Prison.

No había manera de escapar de ella. Ya había intentado seducir a sus clavículas para que me dejasen salir. También había tratado de atravesar los barrotes de su garganta y también tratado de buscar la llave entre sus enredadas cuerdas vocales. No había forma de salir de ella.

De vez en cuando intentaba abrir lentamente su pecho para que al menos mi boca pudiese salir. Ella sabía como amarrar mis pies de sus ojos puntiagudos. Sabía como esposar mis manos con sus pómulos apretados y como torturarme con esa sonrisa corrosiva. Me tenía en ella sin poder evadirla.

De poder salir con vida, no sobreviviría demasiado. A su alrededor solo hay mares de desolación y monstruos asesinos. De librarme de ella, la muerte me esperaría con un café caliente para hablar sobre la siguiente parada. Ella era cruel, pero era mejor vivir con sus manos frías y sus labios rotos que sin ellos.

Había aprendido a vivir debajo de su esternón, sin que nadie supiera de mi, sin que nadie supiera si permanezco con vida.

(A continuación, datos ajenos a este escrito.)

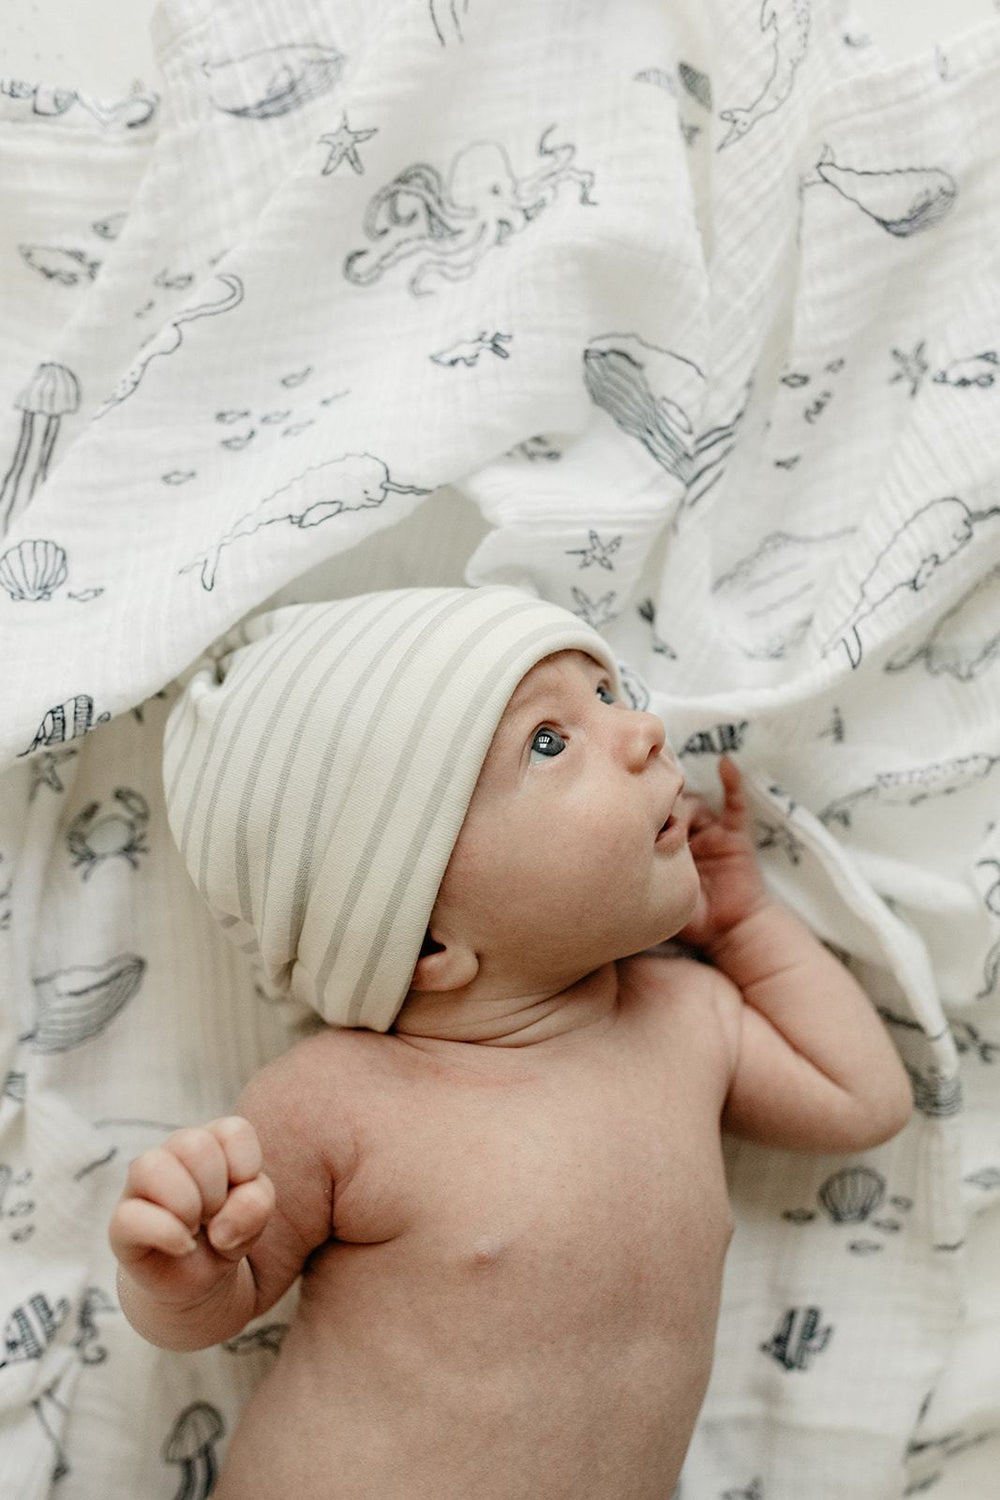 Baby lying on Pehr Marine Life Aquatic Organic Novelty Swaddles wearing Pehr Stripes Away Pebble Grey Organic Knot Hat. Organic cotton, hand printed. White with blue sea creatures pattern.

Me gustaba la idea del anonimato ante el mundo, esconderme bajo su piel y jugar a ser los lunares de su espalda de vez en cuando. No sabía que me encantaba la soledad de alguien más, hablar con sus sensaciones que algunas veces pasan a saludar, inspeccionar sus vacíos estomacales y saber lo que los provoca. Era la mejor prisión.

Pronto dejaría de apretarme las cadenas, olvidar cerrar la puerta de mi celda y quitar a sus clavículas guardianas de mi cuidado. Empezó con dejarme vagar por su cuerpo sin retenes ni preguntas, a dejarme preguntar por ella en cada esquina de su piel. Dejó de obligarme a quedarme en un solo lugar, dejó de prohibirme y logró hacerme correr por entre las líneas de sus costillas.

Después de un tiempo pude asomarme por sus ojos y sentir aire fresco, permitirme sacar la mano por uno de sus lagrimales y luego sentarme sobre sus cejas tupidas. Más tarde corrí en búsqueda de la libertad y bajé por su cara, recorrí sus hombros, luego sus brazos y sus muslos, me estanque en sus rodillas y supe que ahí estaba mi cadena, la que no me permitiría irme de ella, ni aunque quisiera.

No podía dejarla, descubrí que siempre estuve afuera y lo que creí que eran clavículas carceleras, en verdad era mi cercanía peligrosa. Siempre estuve en sus aguas desoladas y siempre quise entrar. Lamentablemente para mi, lo que para ella era prisión, para mi era libertad.